A blockchain is a unique, consensual record that is distributed over multiple network nodes. In the case of cryptocurrencies, think of it as the accounting ledger where each transaction is recorded.

A blockchain transaction is complex and can be difficult to understand if you delve into the inner details of how it works, but the basic idea is simple to follow.

Each block stores:

–           A number of valid records or transactions.
–           Information referring to that block.
–           A link to the previous block and next block through the hash of each block—a unique code that can be thought of as the block’s fingerprint.

Accordingly, each block has a specific and immovable place within the chain, since each block contains information from the hash of the previous block. The entire chain is stored in each network node that makes up the blockchain, so an exact copy of the chain is stored in all network participants.

As new records are created, they are first verified and validated by the network nodes and then added to a new block that is linked to the chain.

How is blockchain so secure?

Being a distributed technology in which each network node stores an exact copy of the chain, the availability of the information is guaranteed at all times. So if an attacker wanted to cause a denial-of-service attack, they would have to annul all network nodes since it only takes one node to be operative for the information to be available.

Besides that, since each record is consensual, and all nodes contain the same information, it is almost impossible to alter it, ensuring its integrity. If an attacker wanted to modify the information in a blockchain, they would have to modify the entire chain in at least 51% of the nodes.
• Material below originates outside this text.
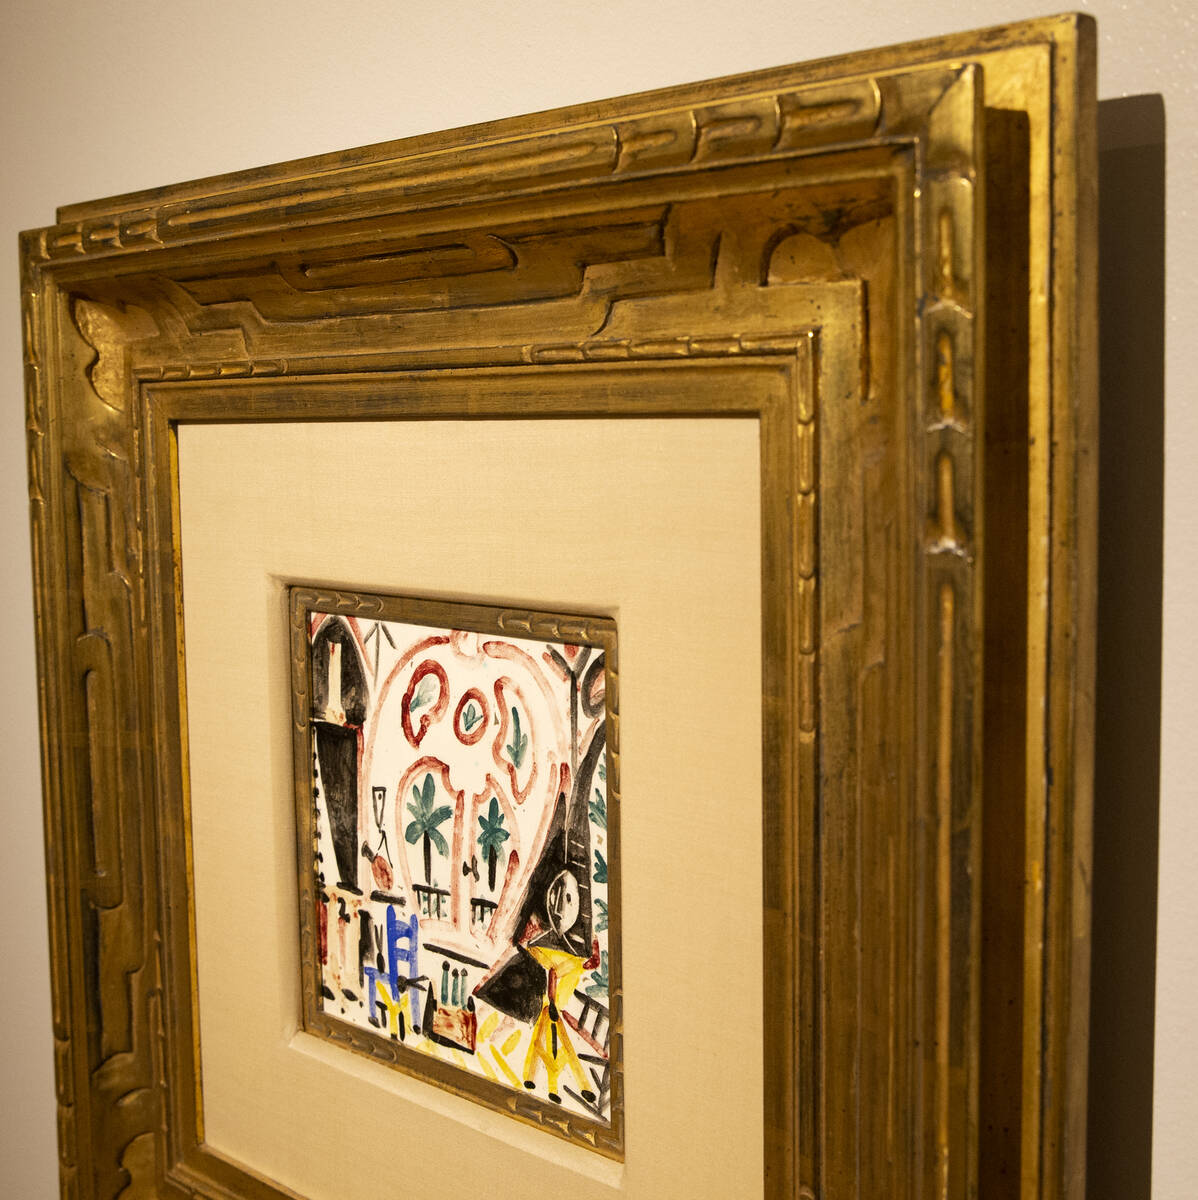 Pablo Picasso's "La fenetre de l'atelier la Californie" is on display at the Bellagio ...

In blockchain, data is distributed across all network nodes. With no central node, all participate equally, storing, and validating all information. It is a very powerful tool for transmitting and storing information in a reliable way; a decentralised model in which the information belongs to us, since we do not need a company to provide the service.

What else can blockchain be used for?

Essentially, blockchain can be used to store any type of information that must be kept intact and remain available in a secure, decentralised and cheaper way than through intermediaries. Moreover, since the information stored is encrypted, its confidentiality can be guaranteed, as only those who have the encryption key can access it.

Use of blockchain in healthcare

Health records could be consolidated and stored in blockchain, for instance. This would mean that the medical history of each patient would be safe and, at the same time, available to each doctor authorised, regardless of the health centre where the patient was treated. Even the pharmaceutical industry could use this technology to verify medicines and prevent counterfeiting.

Use of blockchain for documents

Blockchain would also be very useful for managing digital assets and documentation. Up to now, the problem with digital is that everything is easy to copy, but Blockchain allows you to record purchases, deeds, documents, or any other type of online asset without them being falsified.

Other blockchain uses

This technology could also revolutionise the Internet of Things  (IoT) market where the challenge lies in the millions of devices connected to the internet that must be managed by the supplier companies. In a few years’ time, the centralised model won’t be able to support so many devices, not to mention the fact that many of these are not secure enough. With blockchain, devices can communicate through the network directly, safely, and reliably with no need for intermediaries.

Blockchain allows you to verify, validate, track, and store all types of information, from digital certificates, democratic voting systems, logistics and messaging services, to intelligent contracts and, of course, money and financial transactions.

Without doubt, blockchain has turned the immutable and decentralized layer the internet has always dreamed about into a reality. This technology takes reliance out of the equation and replaces it with mathematical fact.